# Finally went fishing!!!



## BassAddict (Aug 30, 2008)

I havent had much time to fish lately because of variouse worm projects, but I did sneak out today for an hour or so after Joe woke me up to bring a net down to the creek #-o (Seams he caught a nice cat on his croppie rod, but lost it before i even got dressed). Any how because i was already up I figured Id grabbed some of our 6" sticks in Smoked salt & Pepper w/blue flake and head down to the creek anyway. Here is what we caught after only about an hour:




Normally I wouldnt of kept creek bass but the guy next door wanted them..............


----------



## dedawg1149 (Aug 30, 2008)

congrats nice bass =D>


----------



## slim357 (Aug 30, 2008)

=D> Glad to hear you got away from the pourin pan and to the water


----------



## Jim (Aug 30, 2008)

Nice BA! Getting some big ones now! :beer:


----------



## browndog (Aug 30, 2008)

very nice! it does the soul good even for an hour or two.


----------



## shamoo (Aug 30, 2008)

Those are some nice bass Mr.

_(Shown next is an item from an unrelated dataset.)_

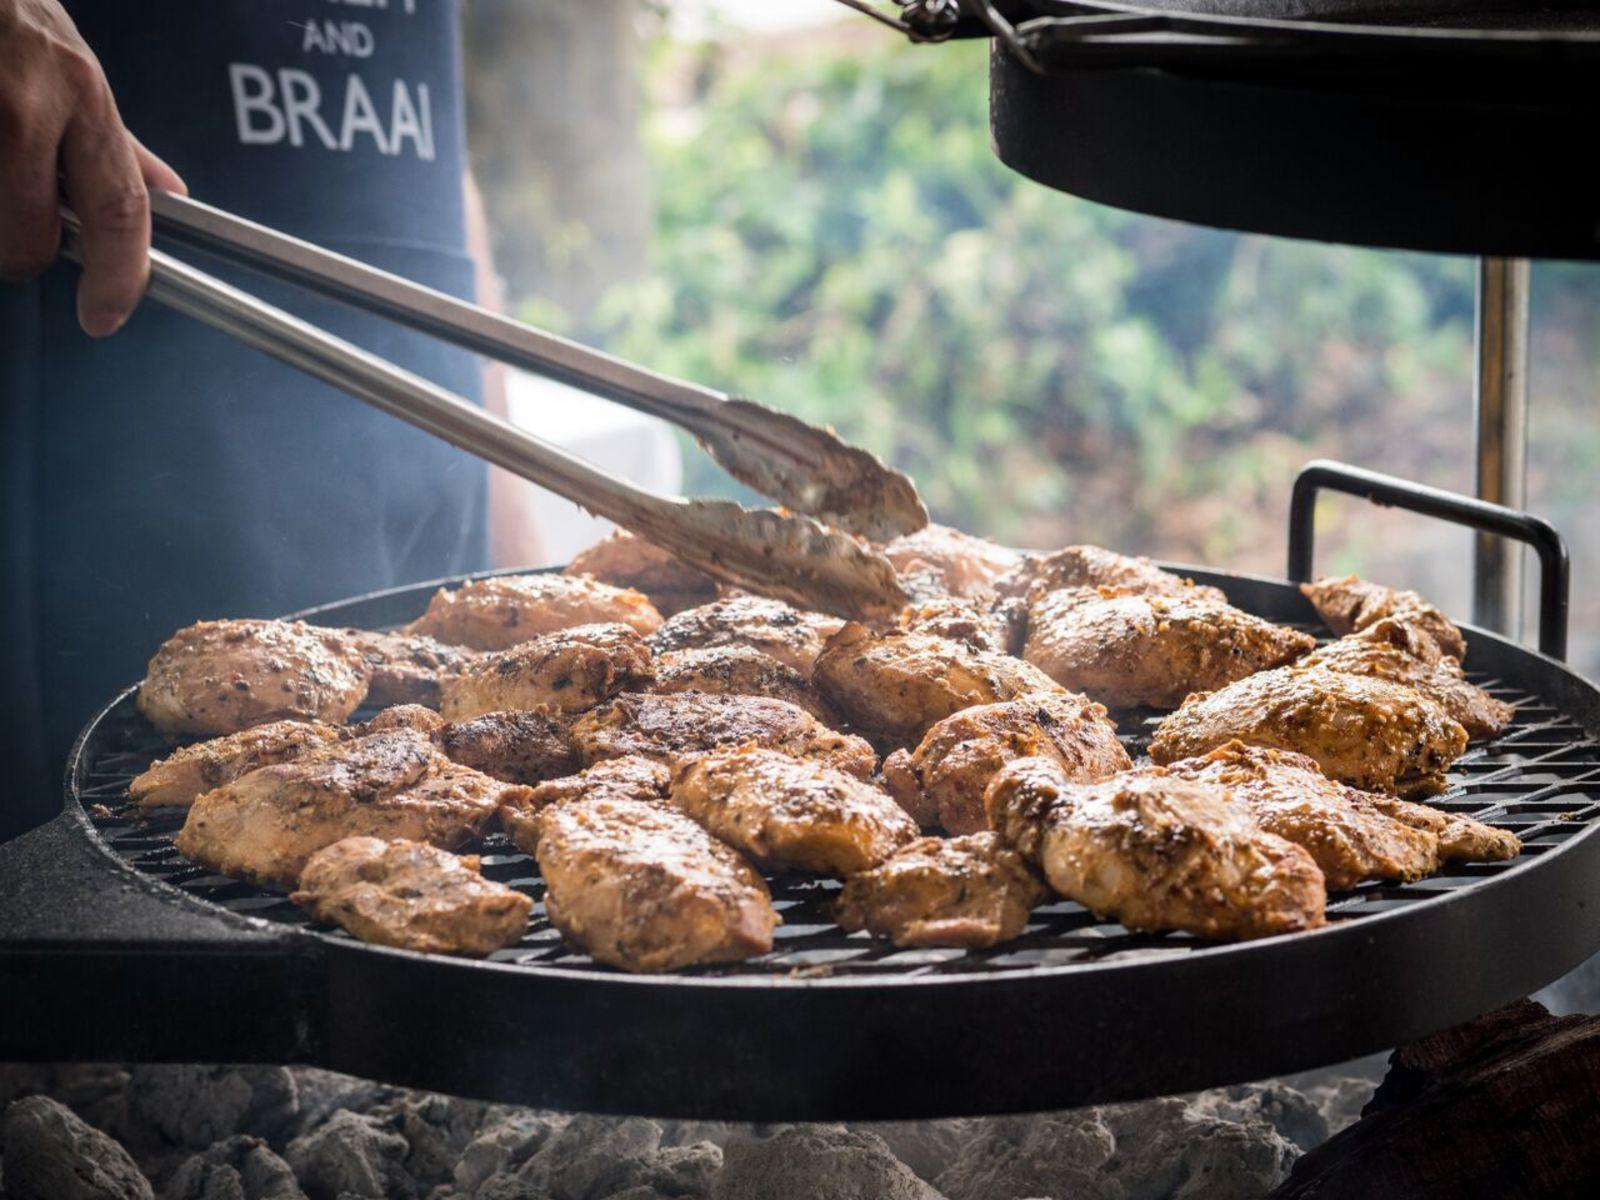 Yebo Beach Haus Braai with Kudu Grills

BassAddict, too bad you wont be able to catch them again, [-X , You,ve come along way in your business my friend, keep up the good work.


----------



## Waterwings (Aug 30, 2008)

Good catchin', BA! 8)


----------



## kentuckybassman (Aug 30, 2008)

BA I read your other post first about the color,then I see the results of that new color and now I DEFINATELY want a few!!! [-o< Good job on the fish my friend =D>


----------



## Captain Ahab (Aug 31, 2008)

BassAddict said:


> Here is what *we* caught after only about an hour:


Nice Bass there Shinerman, now what did Bass Addict catch????????




just joking, awesome job Bass Add, _*you have come a long way baby*_


----------



## shamoo (Aug 31, 2008)

:LOL2: :LMFAO: :roflmao: :LOL22: you guys crack me up.


----------



## BassAddict (Aug 31, 2008)

Captain Ahab said:


> BassAddict said:
> 
> 
> > Here is what *we* caught after only about an hour:
> ...



I caught the medium one and dont you have a new baby or something to take care of.............................................


----------